## Problem to work on
An exact copy of the data is required. No picture may appear in it.

## Dataset extract
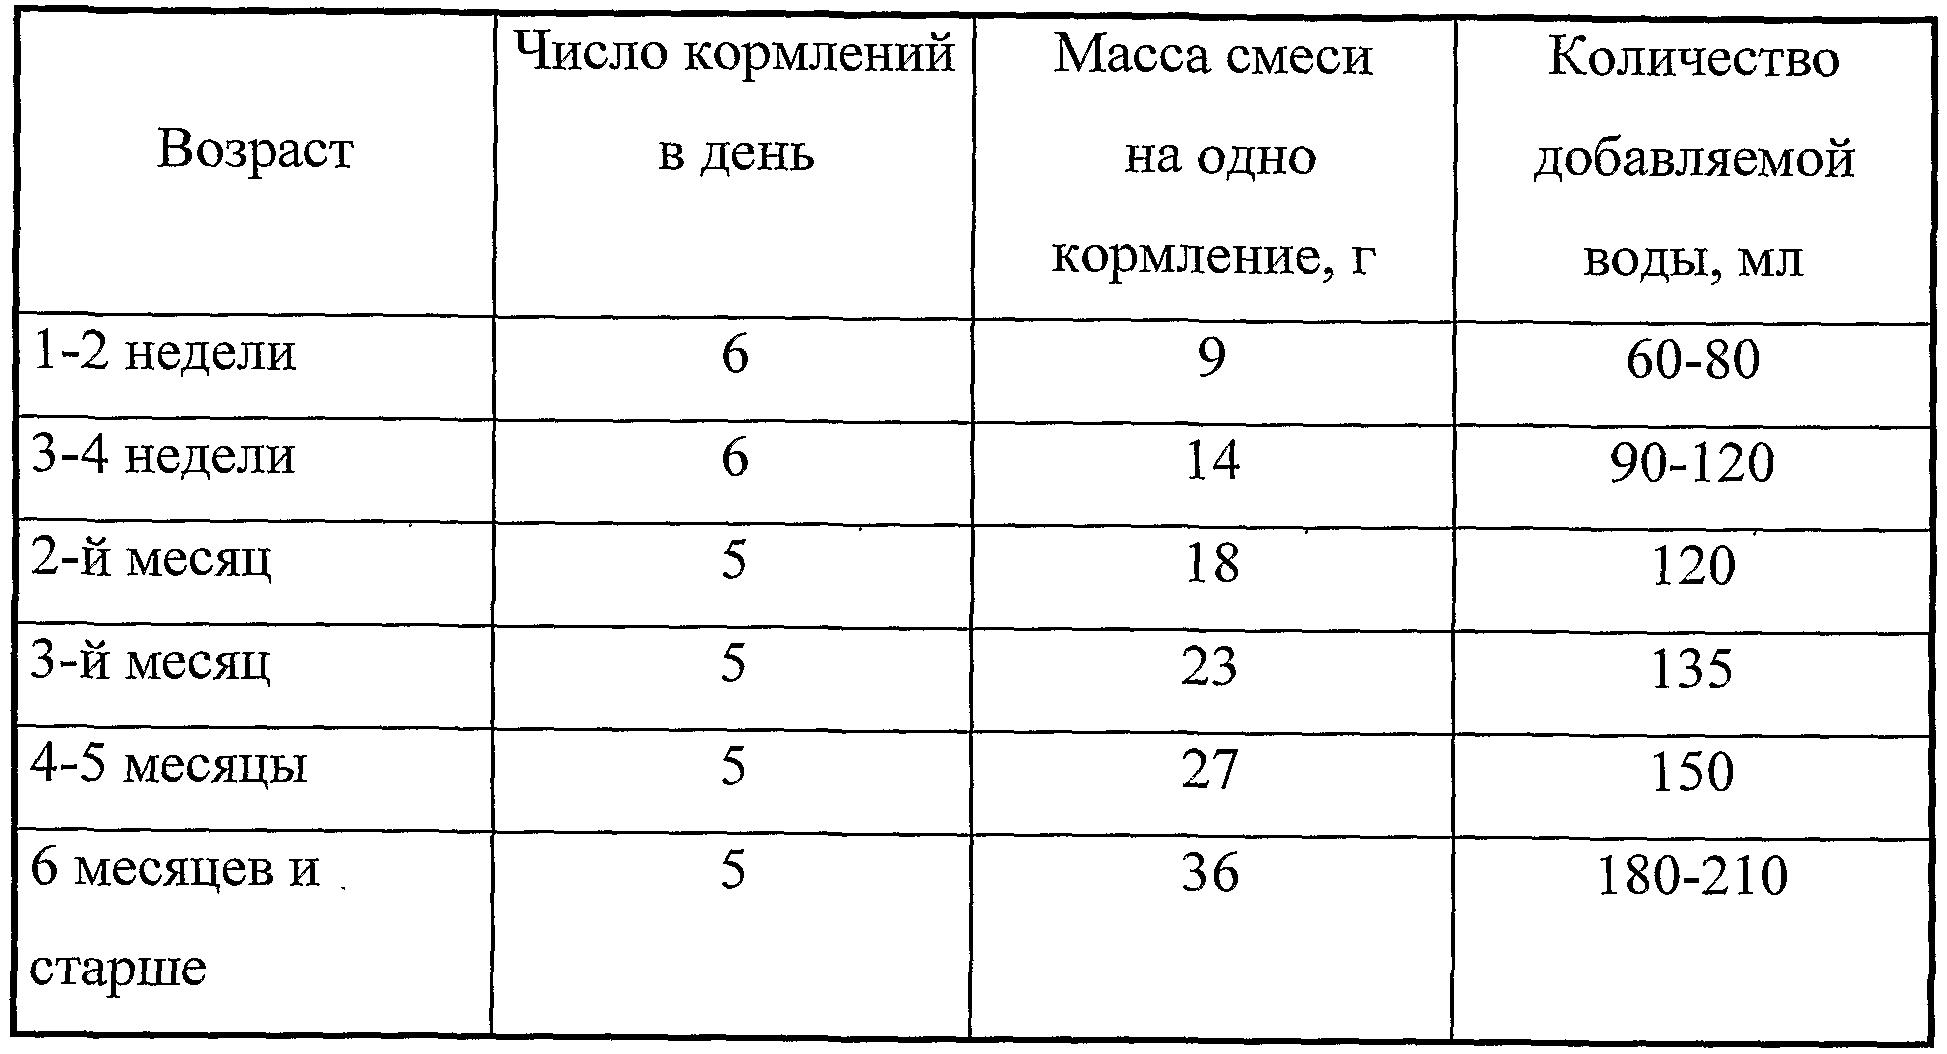 Таблица количества смеси и воды при кормлениях
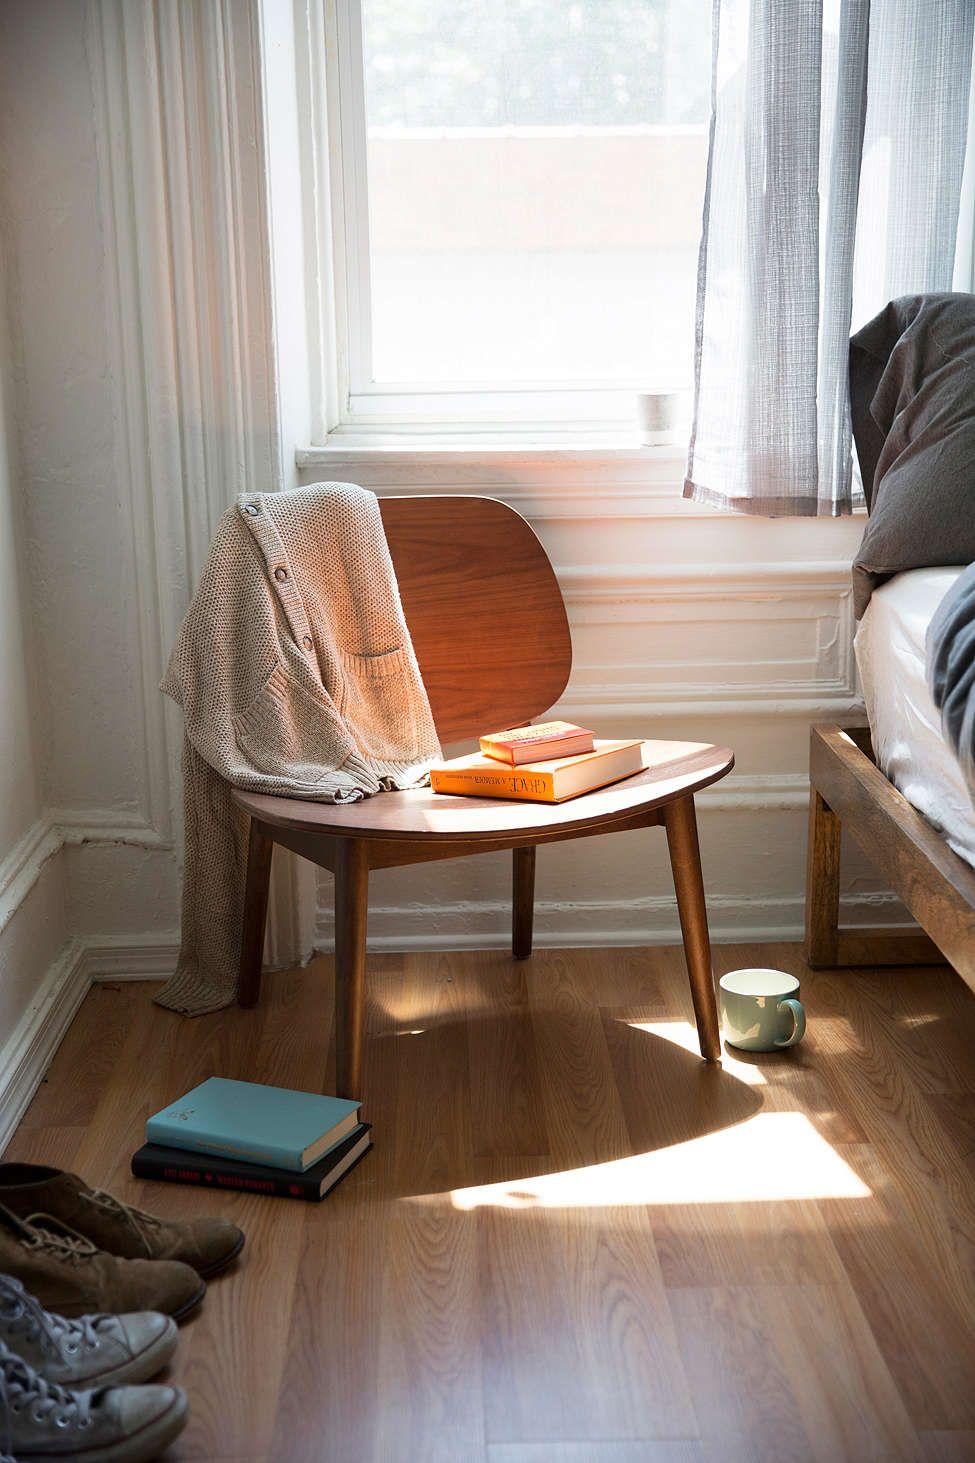 Menlow lounge chair set d r e a m a p a r t m e n t
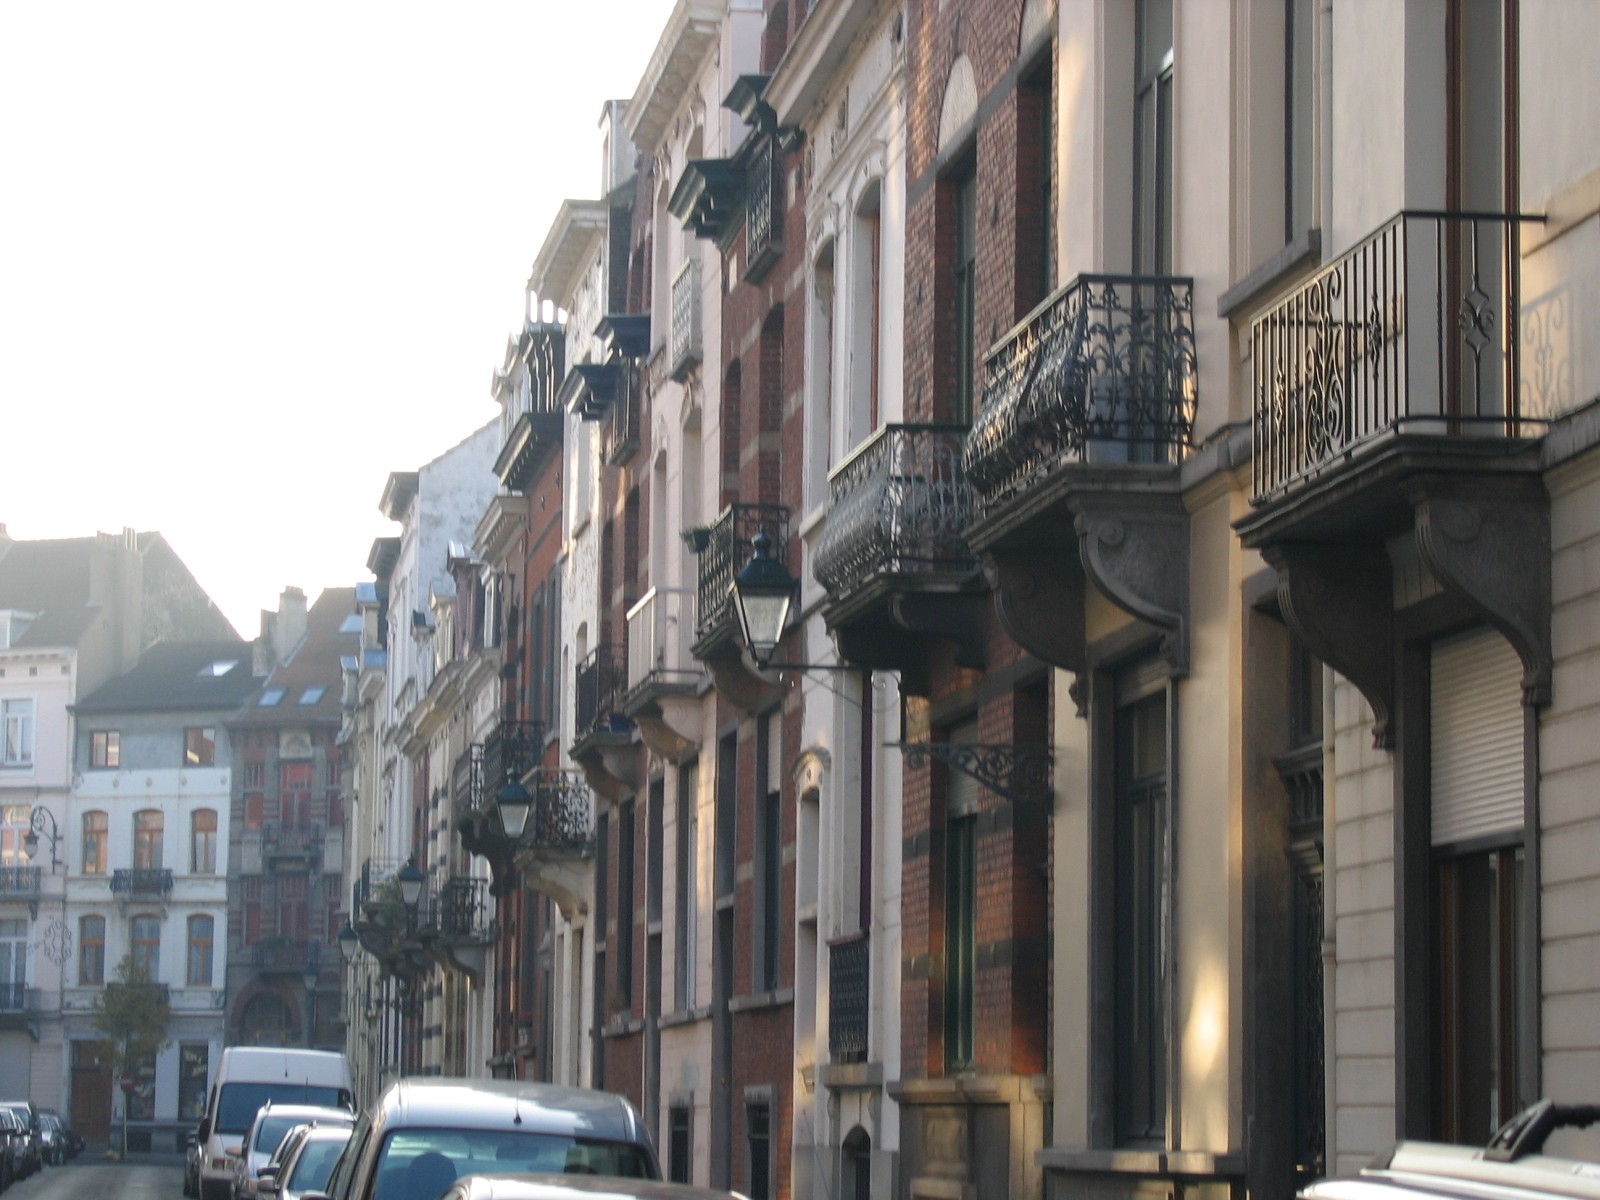 rue du nu escort portugal

## Exercise answer
 Таблица количества смеси и воды при кормлениях
 Menlow lounge chair set d r e a m a p a r t m e n t
 rue du nu escort portugal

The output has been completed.